The joyous runway was a tribute to the past, a celebration of the present and a look to the future.

Looks from the Marc Jacobs Spring 2020 collection. Photo: Slaven Vlasic/Getty Images for Marc Jacobs

For many of us these days, it’s hard not to feel nostalgic for times long since gone by. Marc Jacobs, as it turns out, is not immune to that heart-wrenching pull toward the past, as his Spring 2020 runway show notes indicate. They open with a pull quote from the Paper Magazine review, by Christopher Barnard, of his Spring 2002 collection, which hit the runway on September 10, 2001.

“On the Monday evening before 9/11, Marc Jacobs showed a star-studded fashion show at Pier 54, with the Twin Towers glistening but a few hundred yards away,” Barnard wrote. “Glamorous, celebrity-packed and incidentally poignant (the direction was 70’s flower child) … seen in context as a tragically dazzling snapshot of life in New York before the world changed the next morning.”

And Jacobs isn’t just reflecting on that fateful day 18 years ago; he’s also thinking of recently-departed friends like Karl Lagerfeld and Lee Radziwill, old Hollywood stars like Doris Day and Anita Pallenberg, of current must-watch shows like “Fosse/Verdon” and “Euphoria,” and of the near or distant future, “where the comforts of tradition may be all there is to grasp to.”

All of that culminated in a Spring 2020 collection which, like the Spring 2002 collection before it, “is a celebration of life, joy, equality, individuality, optimism, happiness, indulgence, dreams and a future unwritten.” The runway opened with the models flooding the mostly-empty Park Avenue Armory, “Dream a Little Dream of Me” playing across the space as they filtered through the audience who were perched on mismatched white chairs. It was bright and riotous, the models smiling, strutting and dancing, mugging for any cell phone camera held aloft as they passed.

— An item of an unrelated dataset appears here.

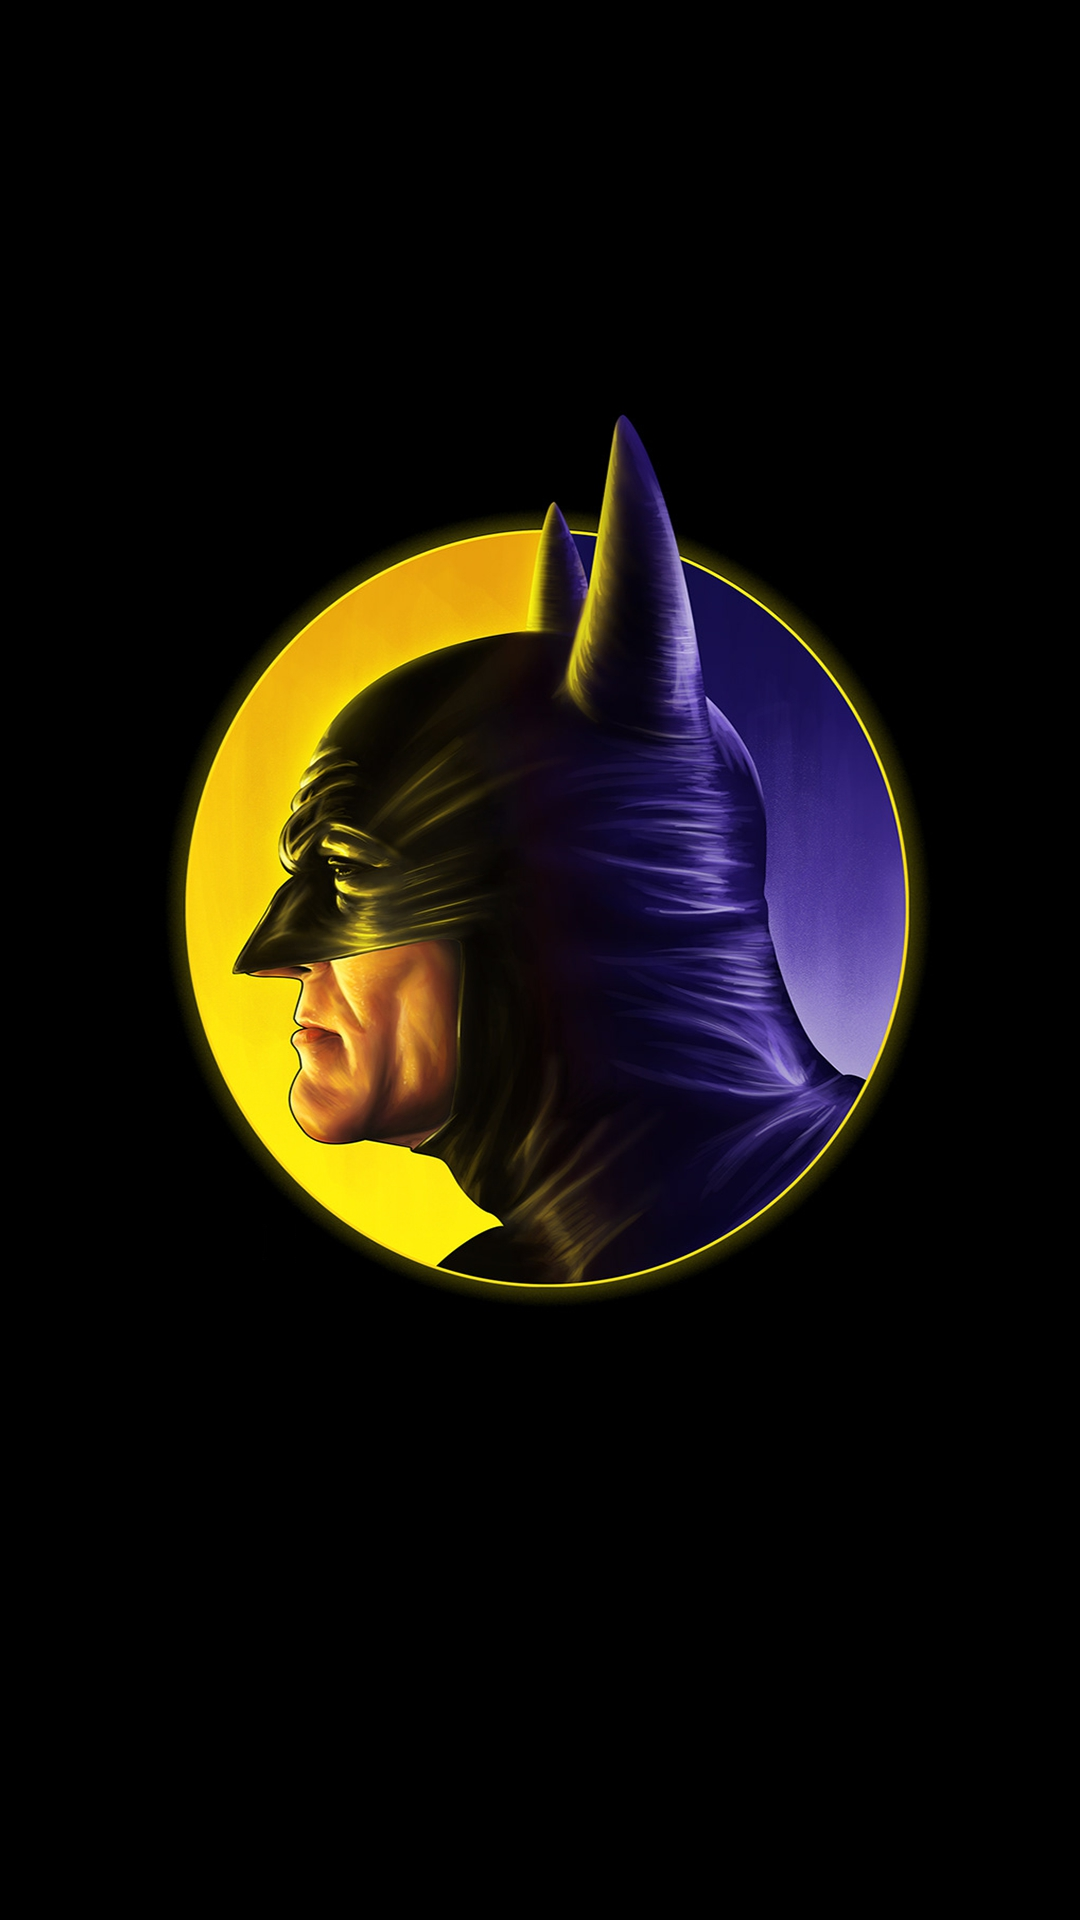 The Batman Dark Minimal iPhone Wallpaper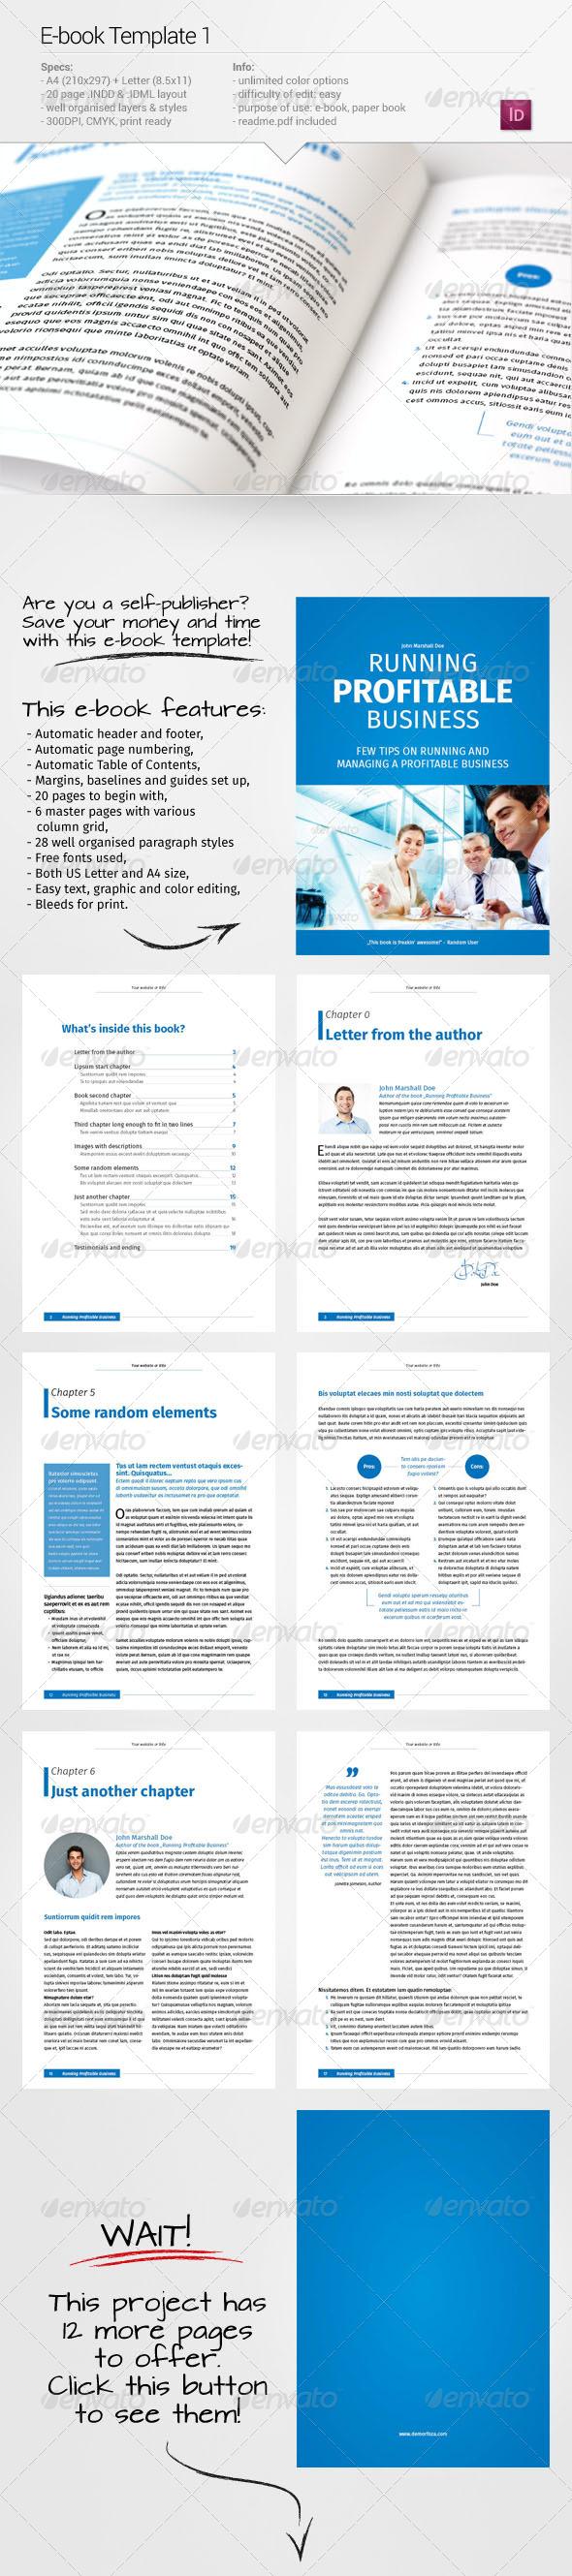 E-book Template 1 - Digital Books ePublishing

If it was a lot to take in at once, the crowd got a second chance to check out the clothes as the models crossed the space again in opposing pairs. There were so many of Jacobs’s signatures and favorite references from over the years: ’60s flower children, ’70s disco-glam queens, explosions of flowers and feathers, downtown-cool graphic tees and satin pants, uptown-chic tweed jackets (there’s Karl), menswear suiting paired with top hats and bowlers, flowing gowns piled with ruffles and lace. The only through-line was individuality, with each model looking as though she had simply plucked her look from a rack of clothes and strolled into the space to show off.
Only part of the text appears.